→ EXERCISE BRIEF:
The full set of lines below has to be duplicated exactly, with no picture kept.

*** GIVEN MATERIAL Section Begins ***

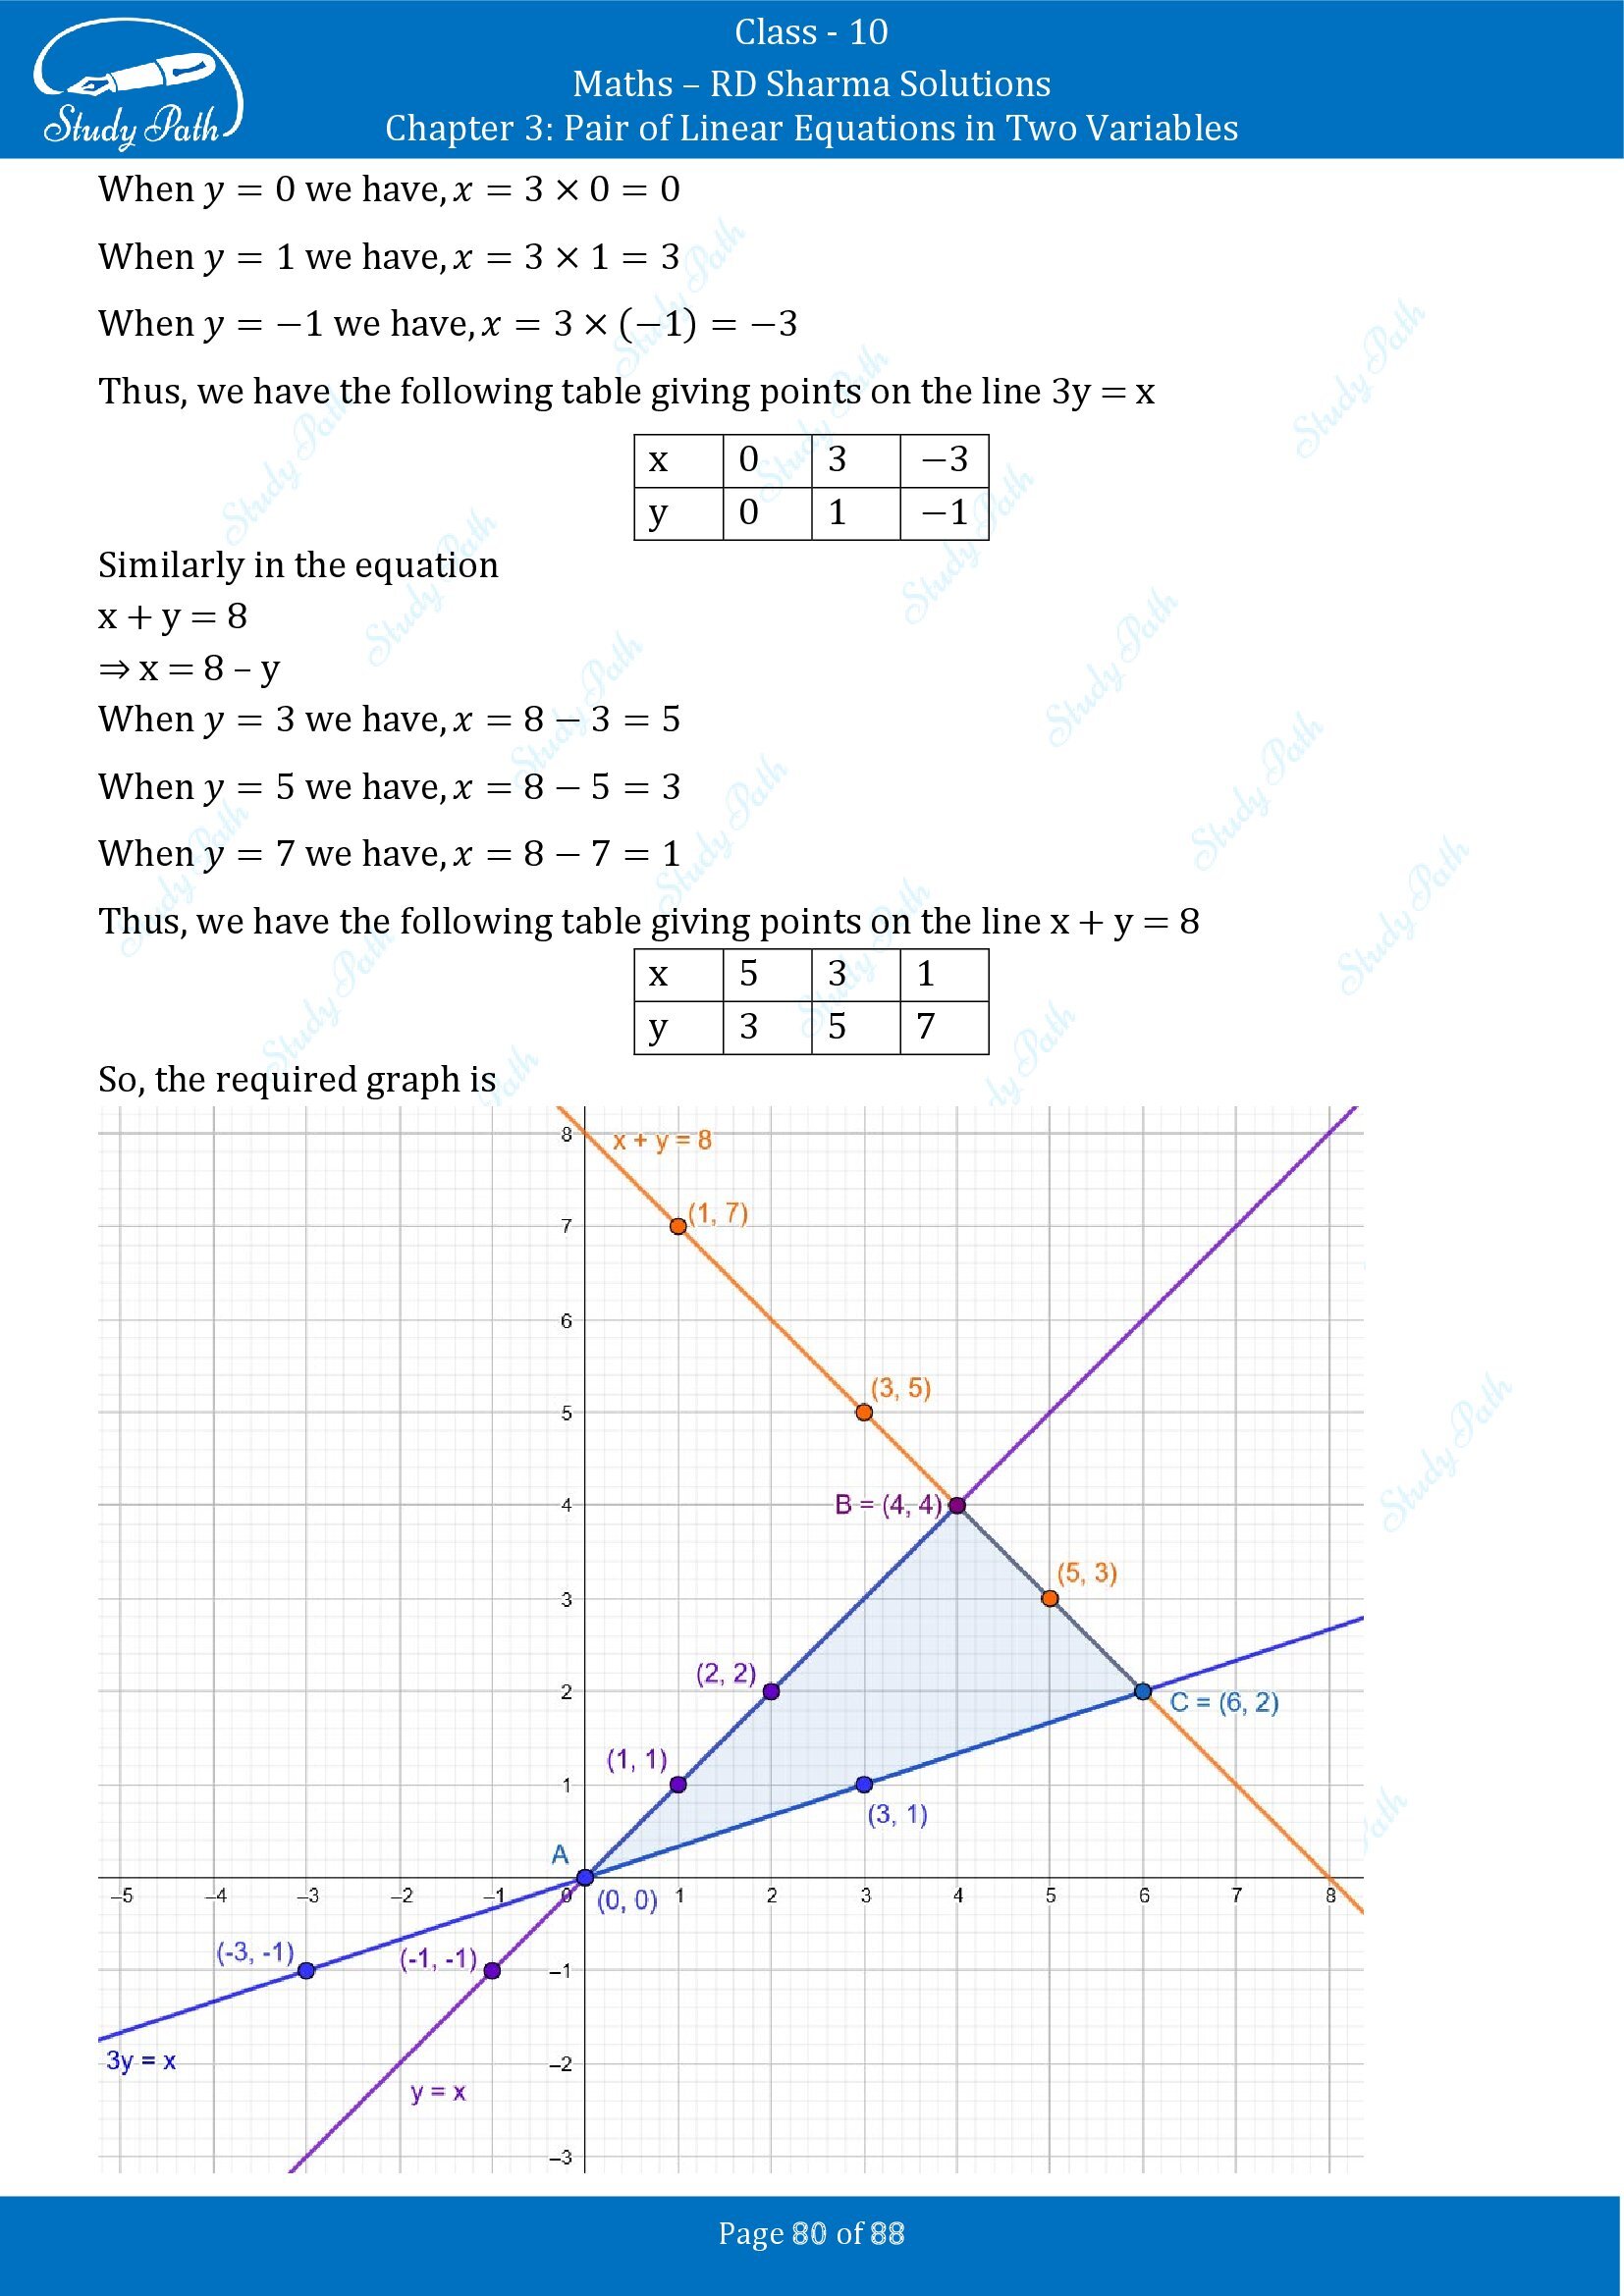 RD Sharma Solutions Class 10 Chapter 3 Pair of Linear Equations in Two Variables Exercise 3.2 00080
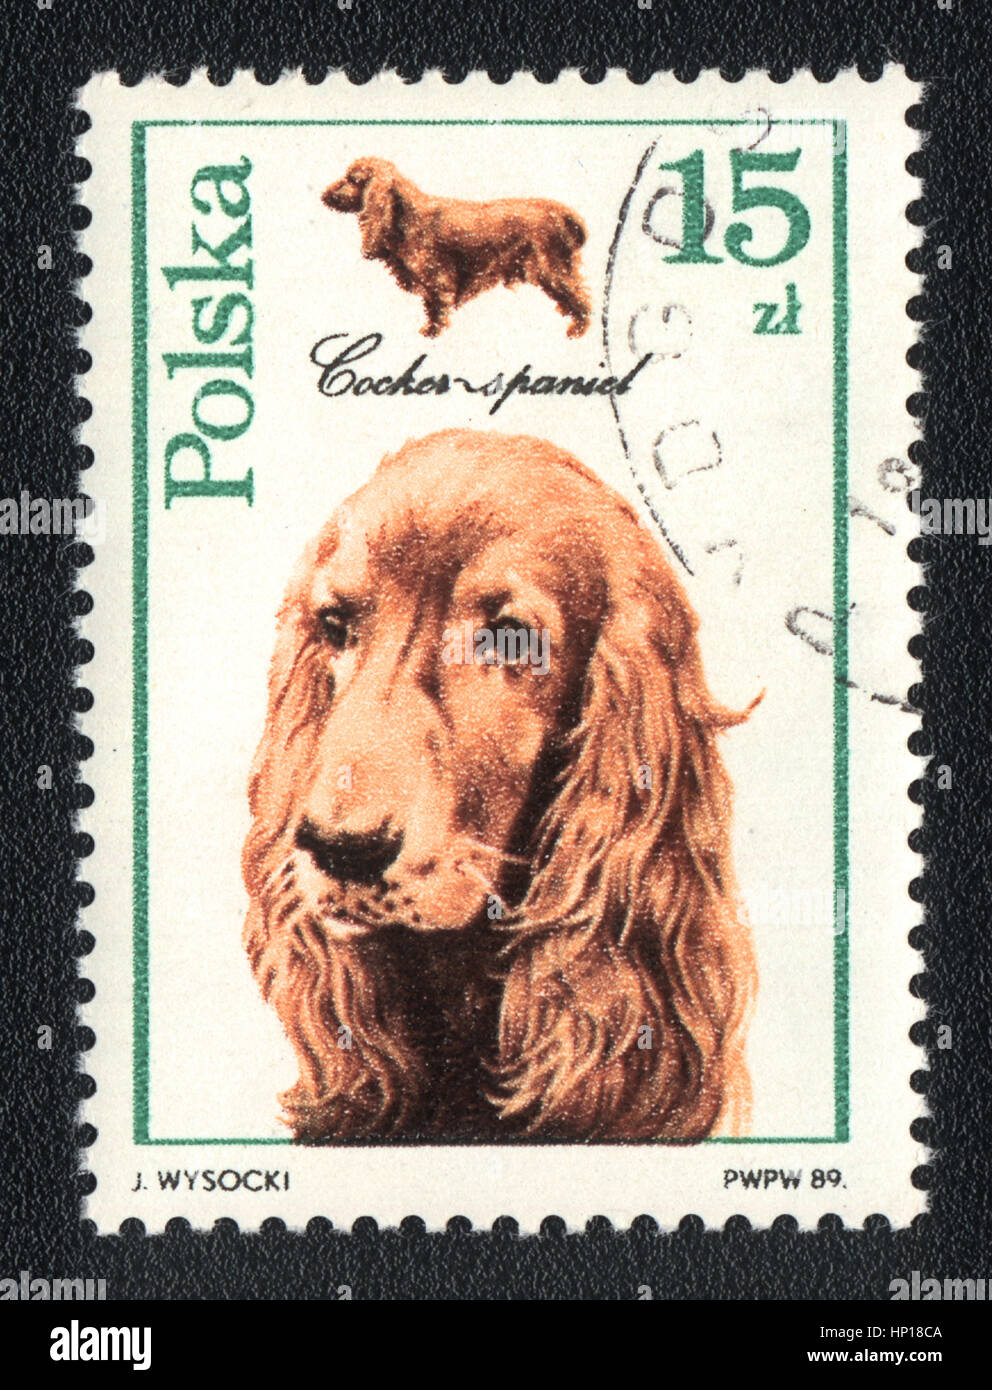 Cocker Spaniel Metal Stamp  Cavalier Dog Breed Jewelry Stamp – Stamp Yours
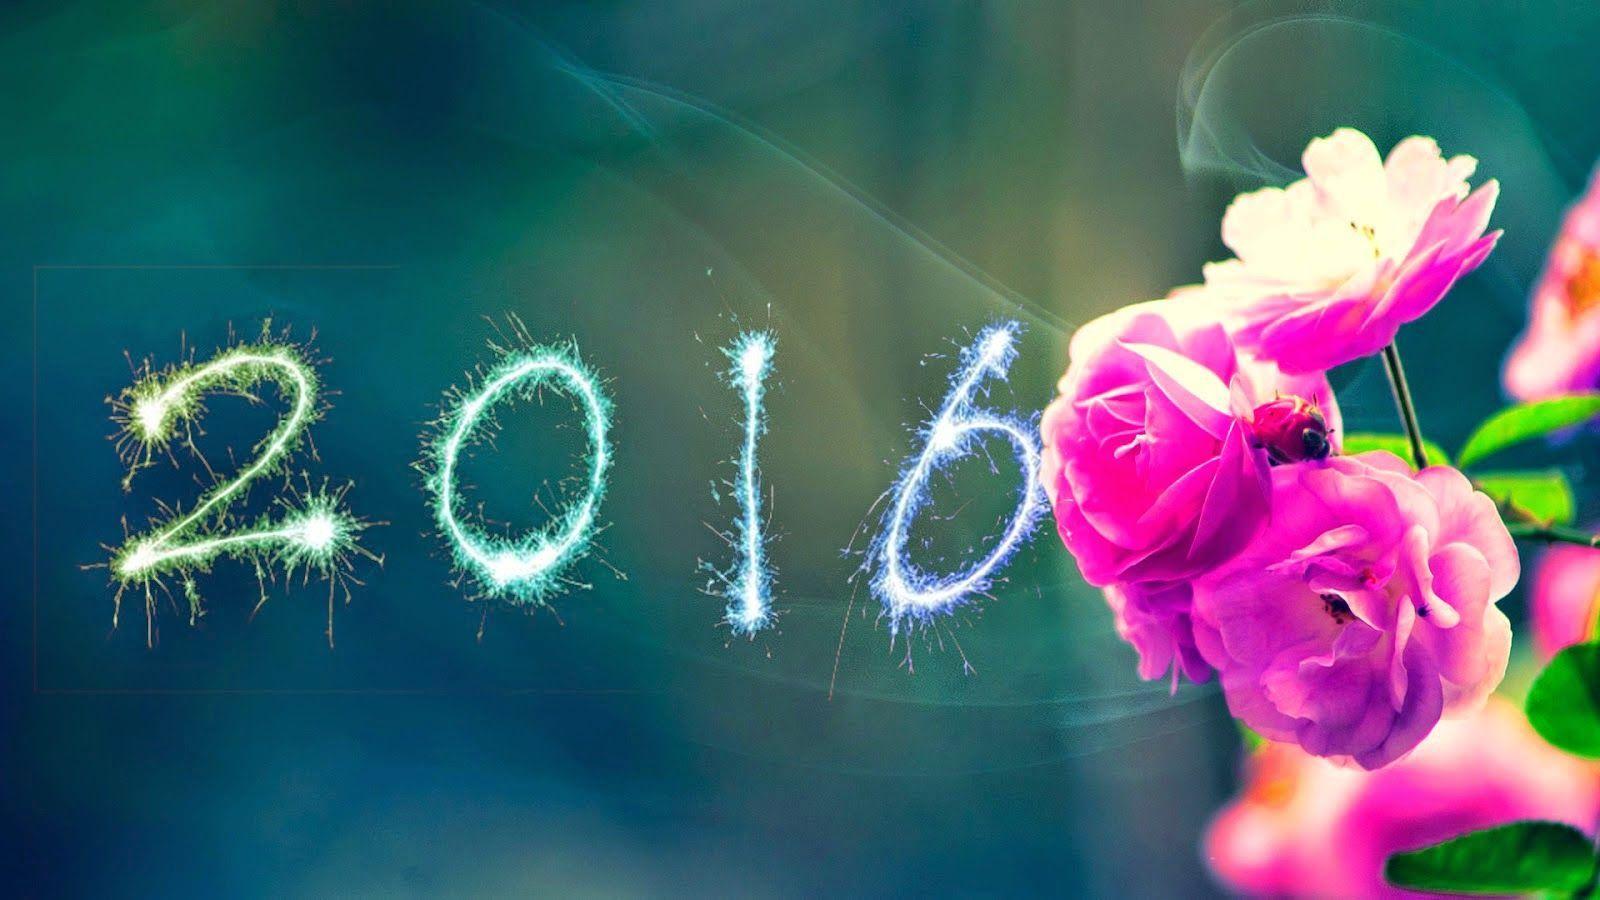 2016} Happy New Year HD Wallpaper and Photo [Free Download]

*** GIVEN MATERIAL Section Ends ***

→ WRITTEN RESPONSE:
 RD Sharma Solutions Class 10 Chapter 3 Pair of Linear Equations in Two Variables Exercise 3.2 00080
 Cocker Spaniel Metal Stamp  Cavalier Dog Breed Jewelry Stamp – Stamp Yours
 2016} Happy New Year HD Wallpaper and Photo [Free Download]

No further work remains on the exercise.